The Patient’s Journey
The process for receiving an ex vivo cell and gene therapy, such as CAR-T cell therapy, involves several stages over a period of weeks. It begins with cell collection, often through a procedure called apheresis. During apheresis, blood is drawn from the patient, and a specialized machine separates and collects specific cells, such as T-cells, while returning the remaining blood components to the patient’s body. This collection usually takes several hours to gather enough cells for modification.
Following collection, the isolated cells are transported to a specialized manufacturing facility. Here, the cells undergo a genetic engineering process, introducing new genetic material to reprogram them for their therapeutic function. For CAR-T therapy, this means inserting a gene that enables the T-cells to produce chimeric antigen receptors, allowing them to recognize cancer cells. This manufacturing and expansion phase can take several weeks, during which the patient may receive other treatments to manage their disease.
While the cells are being prepared, the patient may undergo a preparatory regimen, most commonly lymphodepleting chemotherapy. This chemotherapy aims to reduce the number of existing lymphocytes in the patient’s body, creating “space” for the newly engineered cells to expand and function effectively upon re-infusion.
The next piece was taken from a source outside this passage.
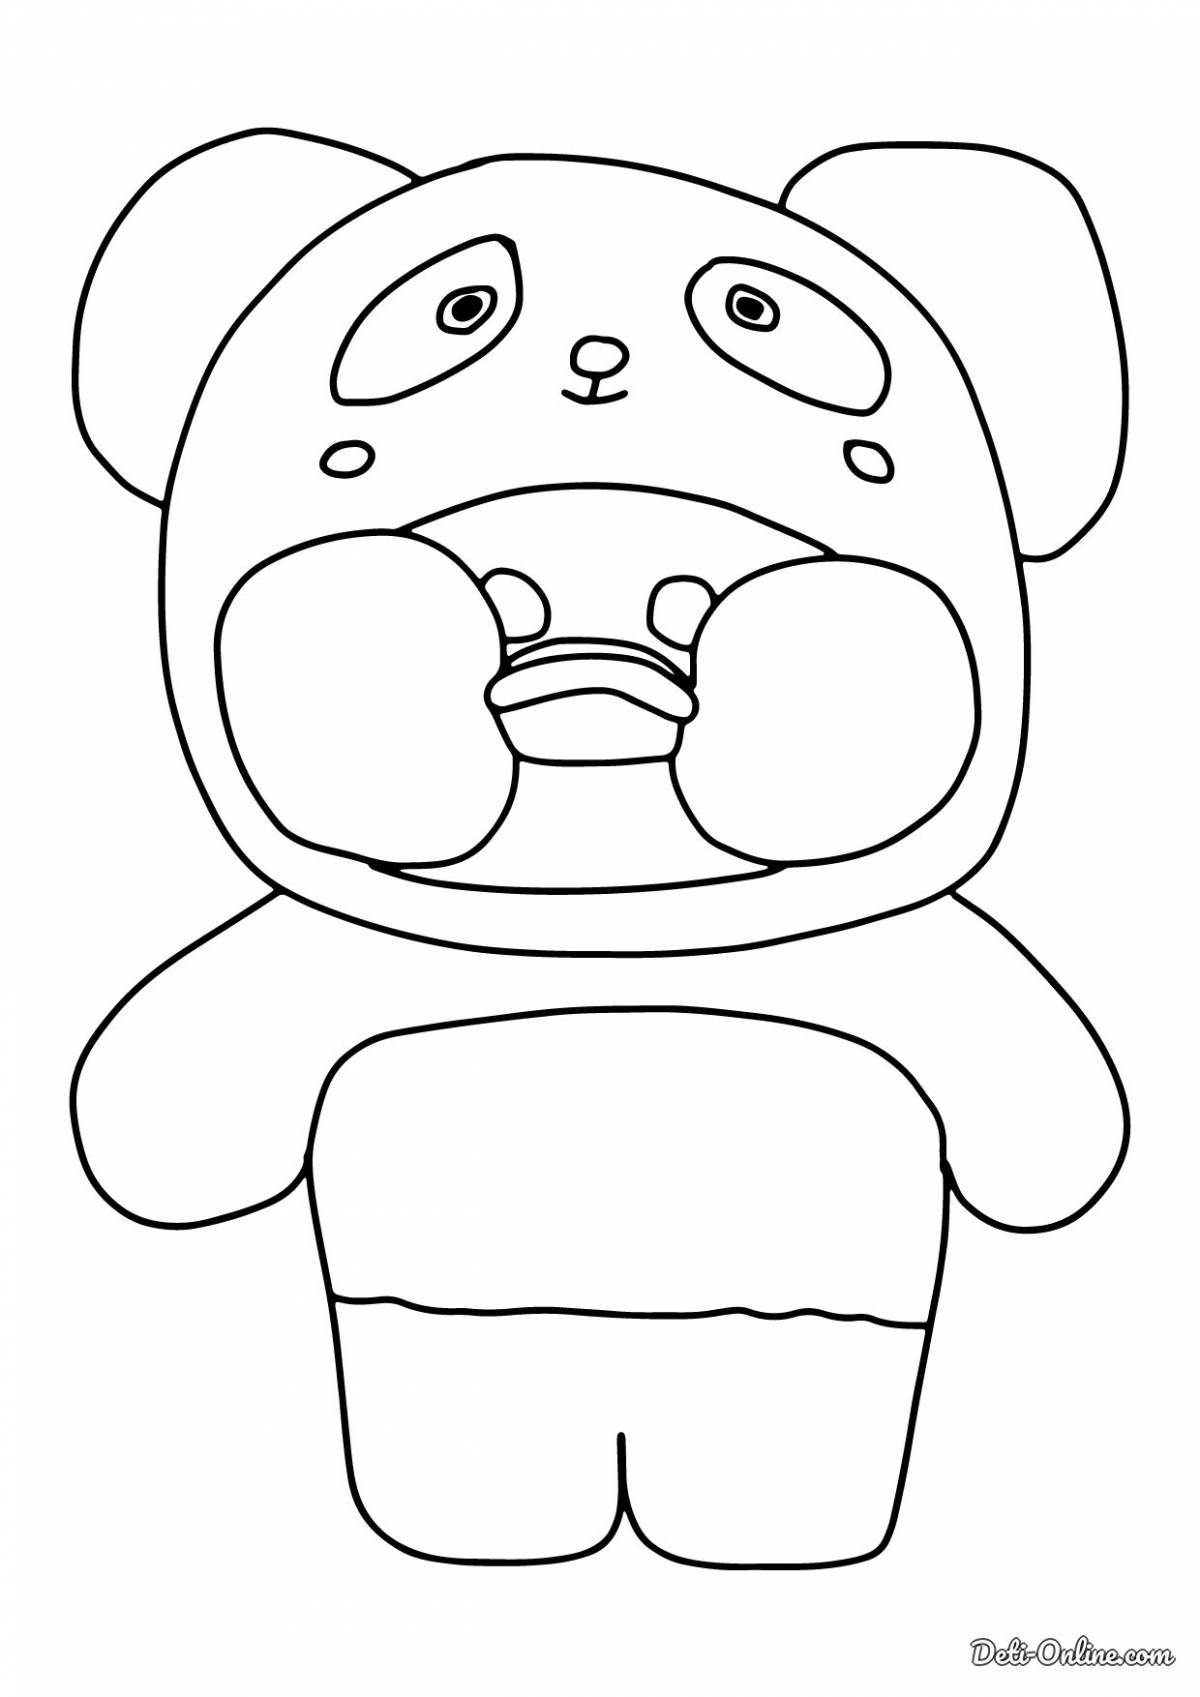 Lalafanfan dazzling duck coloring page

The specific chemotherapy regimen and its intensity depend on the type of therapy and the patient’s condition.
The final step is the infusion of the modified cells back into the patient, a process similar to a standard blood transfusion. The prepared cell product is delivered intravenously, typically over a short period. After infusion, patients are closely monitored in a specialized center for several weeks. This monitoring period is important to detect and manage potential side effects, such as cytokine release syndrome or neurological events, and to assess the initial response to the therapy.
Approval and Access to Treatment
Regulatory bodies, such as the U.S. Food and Drug Administration (FDA), oversee the development and approval of cell and gene therapies. These agencies evaluate the safety and efficacy of these complex treatments through clinical trials before they can be made available to patients. Since 2017, the FDA has approved a growing number of cell and gene therapies for various conditions, including Kymriah for certain blood cancers and Zolgensma for spinal muscular atrophy.
Despite their therapeutic promise, cell and gene therapies face challenges regarding widespread accessibility. One barrier is their high cost, with prices often ranging from hundreds of thousands to several million dollars per dose. For example, Hemgenix, a gene therapy for hemophilia B, is priced at approximately $3.5 million per dose, while Zolgensma costs around $2.1 million. These high costs raise concerns about the financial strain on healthcare systems and individual patients.
The personalized nature of the manufacturing process also limits accessibility. Many of these therapies, particularly autologous ones like CAR-T, involve collecting cells from individual patients, modifying them in a specialized facility, and then returning them to the same patient. This manufacturing process is resource-intensive, time-consuming, and difficult to scale, contributing to both the high cost and logistical hurdles in making these treatments widely available. Addressing these challenges requires collaborative efforts across industry, regulatory bodies, and healthcare providers to develop more efficient manufacturing methods and sustainable reimbursement strategies.